Nuclear energy, is much less a PR device to win over “hierarchical” and “individualist” opponents to the policies necessary to stem global warming, than the only solution we have at our fingertips that would allow us to contain on the our impact on the planet without abandoning the majority of human beings that would be imperiled were our technological civilization to be abruptly unplugged. This is the conclusion not of technological junkies, but of deep environmentalist such as the revered James Lovelock.

Klein thinks the right will be unmoved by the kind of environmental genocide unleashed by allowing climate change to run its course.

As the world warms, the reigning ideology that tells us it’s everyone for themselves, that victims deserve their fate, that we can master nature, will take us to a very cold place indeed. And it will only get colder, as theories of racial superiority, barely under the surface in parts of the denial movement, make a raging comeback. These theories are not optional: they are necessary to justify the hardening of hearts to the largely blameless victims of climate change in the global South, and in predominately African-American cities like New Orleans.

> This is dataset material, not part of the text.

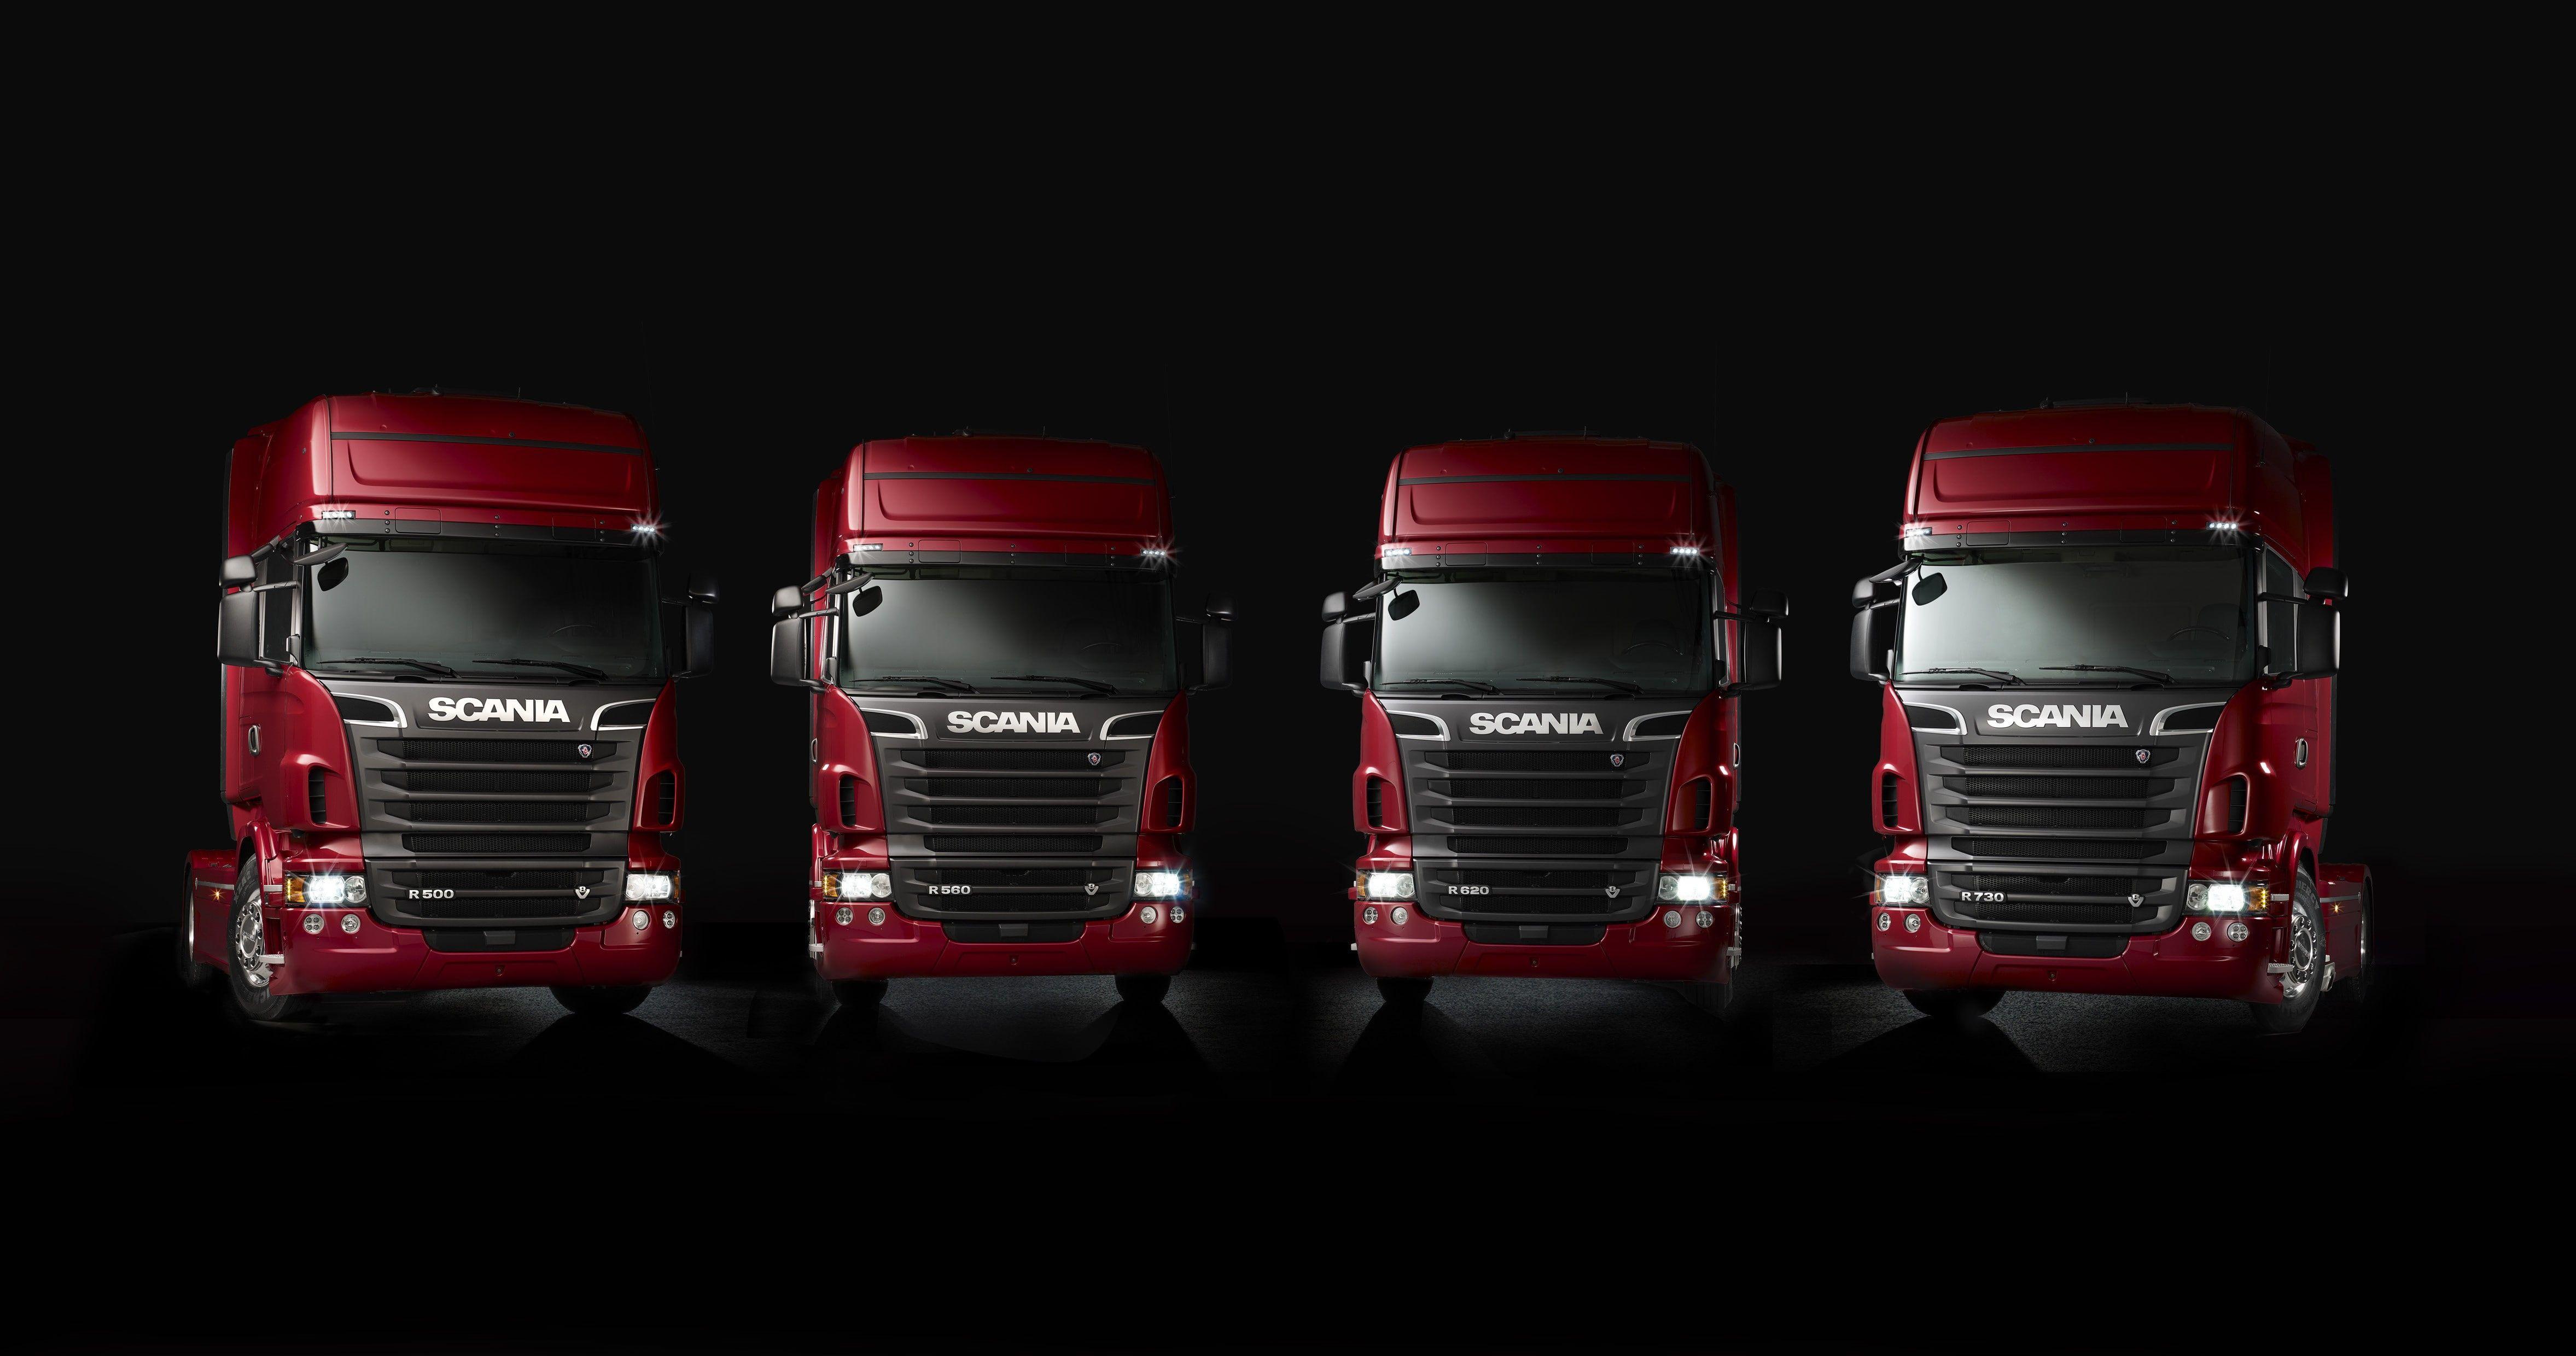 Scania Truck Vehicle 4k Wallpaper Hdwallpaper Desktop Trucks Wallpaper Hd Wallpaper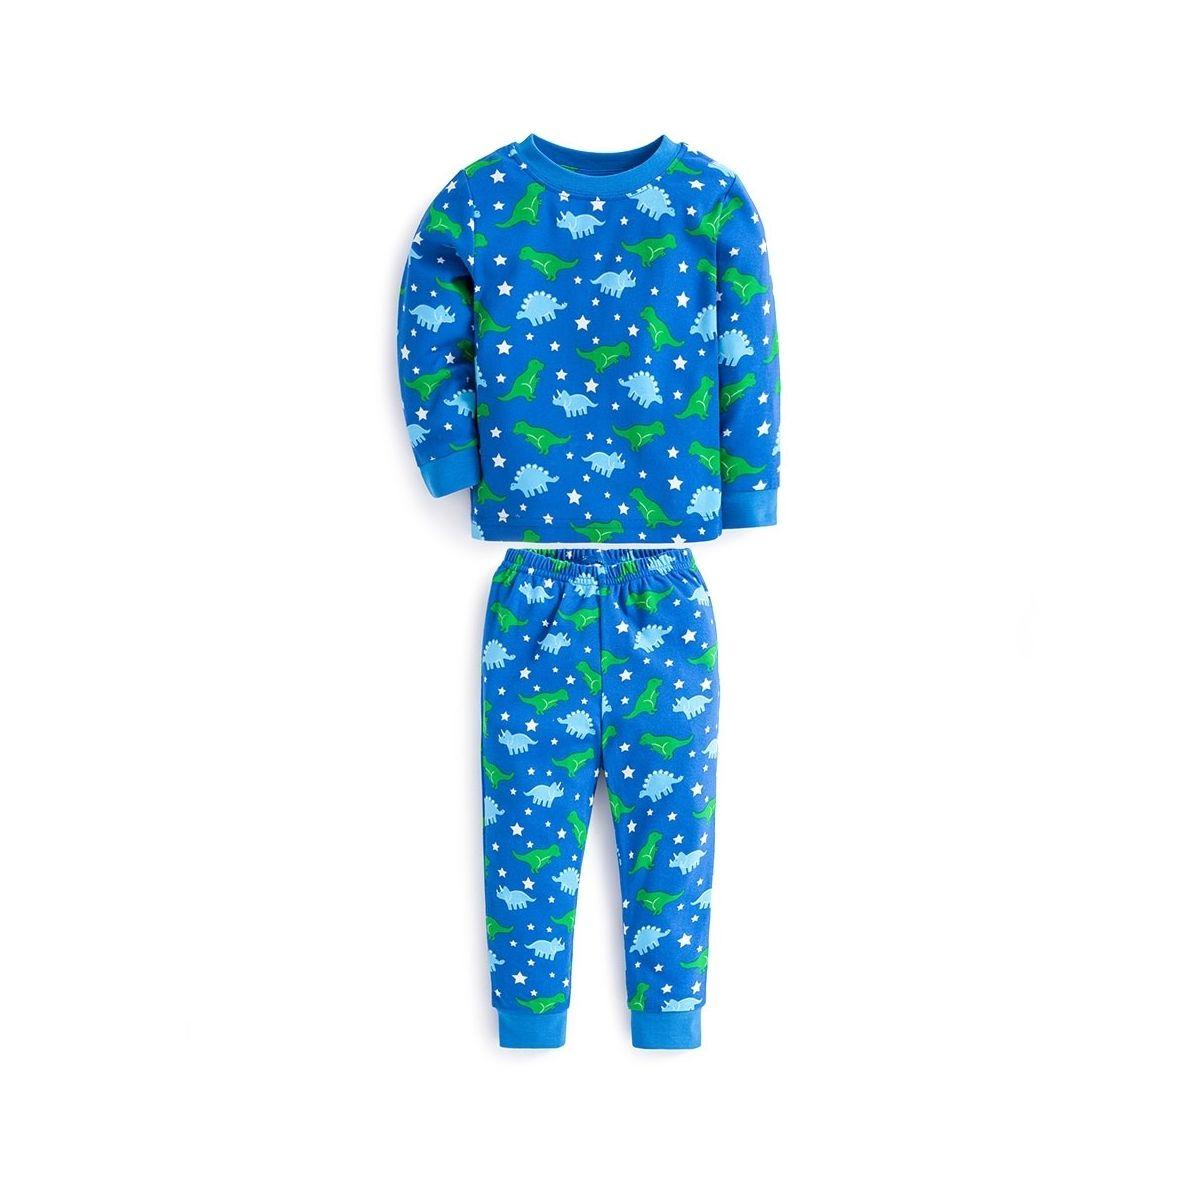 c916218b7 Pijama Niño Azul Dinosaurios Brilla Oscuridad - ShopMami

Oddly enough, this critique exactly mirrors what some on the right (with a good deal of justification) see as the callousness of radical environmentalism which recognizes the potential human cost of jettisoning technological civilization in the midst of 9 billion people alive on earth. To quote perhaps the most famous radical environmentalist- Ted Kaczynski- better know as the “Unibomber”.

For those who realize the need to do away with the techno-industrial system, if you work for its collapse, in effect you are killing a lot of people. If it collapses, there is going to be mass starvation, there aren’t going to be any more spare parts or fuel for farm equipment, there won’t be any more pesticide or fertilizer on which modern agriculture is dependent. So there isn’t going to be enough food to go around, so then what happens. This is something, that as far as I’ve read, I haven’t seen any radicals facing up to.

Far from abandoning the world’s poor to the ravages of climate on the basis of an atavistic racism, the spread of Christianity, perhaps detrimental in any other ways, may make such coldness less not more likely from the right than from the left. This, after all, is what happened in the best (perhaps only) example of a localized, Third World climate crisis that we know- in Darfur- where developed world Christians were the loudest voice is bringing an end to the slaughter.  The world is a complicated place, and any ideology- left or right- blinds us to the opportunities and dangers in its complexity.

Given the scale of the change in human living that will be required to mitigate the impact of not just global warming, but the Anthopocence more generally, Klein misses the fact that the most necessary allies for such a change, are exactly the ones that the left will find so difficult to deal with (and for many good reasons) that is the religious. After all, from both a humanist and a religious perspective what is required is nothing less than a spiritual revolution in how humanity relates to nature, even if we have to take the fight politically for those who can not, or refuse to see, the dangers we face.